I used to hate Macs, especially when I was in High school. That was because they were so locked down, and poorly configured (no virtual memory when they only had 32mb of ram). After seeing my friends Mac over the years, it’s given me a lot of respect for what they can do. And since those MacMini’s came out, I’ve really been thinking about buying one, just so I can try programming for them. And try the “MONO” system that I’ve read so much about, it’s the .NET framework, but for linux or Mac OSX!


----------



## V0lt (Sep 14, 2002)

My mistake. What I meant was that Bungie wasn't stolen from Apple by Microsoft, because Bungie was never owned by apple. True, they made software for macs, and they still do, but nobody stole them.


----------



## Spatcher (Apr 28, 2005)

lol, i started this thread to learn about macs, and it has turned into a war over halo! but i don't like halo, i like star wars republic commando. keep up the bashing of halo! lol


----------



## V0lt (Sep 14, 2002)

Sorry HenryVI, the Mac vs. PC argument is as heated as partisan politics. I'll try and make sure this thread stays on topic.


----------



## Volt-Schwibe (Jan 12, 2003)

ok, i have done a bit of research, and, before anyone attempts to correct me on this, you are barking up the wrong tree.

anything i say here can be verified if someone has the gumption to do so.

macintosh, as a company, reports that there is 700,000 programs available for mac.

however, keep in mind, only about half of these are newer than 1998.

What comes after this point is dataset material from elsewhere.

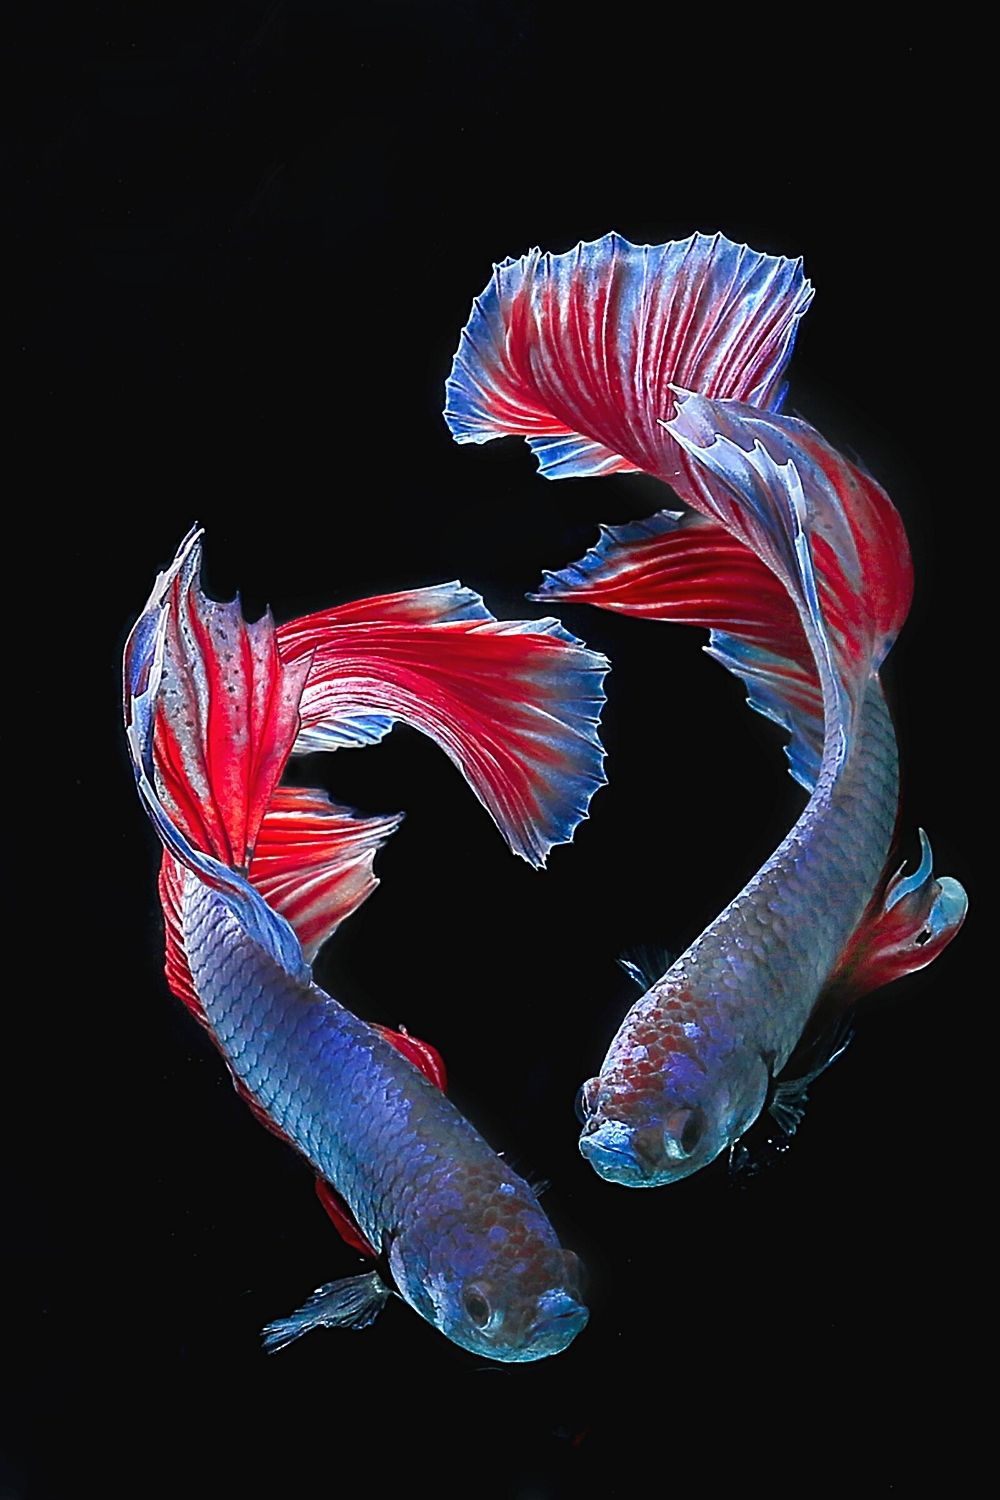 If you're breeding your betta fish, make sure to choose those that are healthy, energetic, and are brightly-colored

as far as games for mac, i took a walk to comp usa, and circut city, and i walked through the store and i looked at the boxes of more than 100 of their newest game titles.

what i discovered, is that less than 20% will run on a mac. what was funny, was about half of the ones that run on mac, are kids educational titles, like simcity4.


so yeah, there's games for the mac, but they are almost all school type learning games.

and yes, there is many many other applications for mac, most of which are graphic and video editing tools.

basically, i'm not a mac basher, i think that for most things, macintosh computers are fine. however, would i purposely spend that much on one? 

*no way*, i did like fox, and built an equally capable machine for less than 1/5 the cost of a mac.

the first 3 computers i ever used were apples and macs, and i loved them.

nowadays though, i'm a more hands on kind of person, and i want a machine that i can tear into and mess with things. i want to be able to buy hardware from 100's of retailers, not just apple.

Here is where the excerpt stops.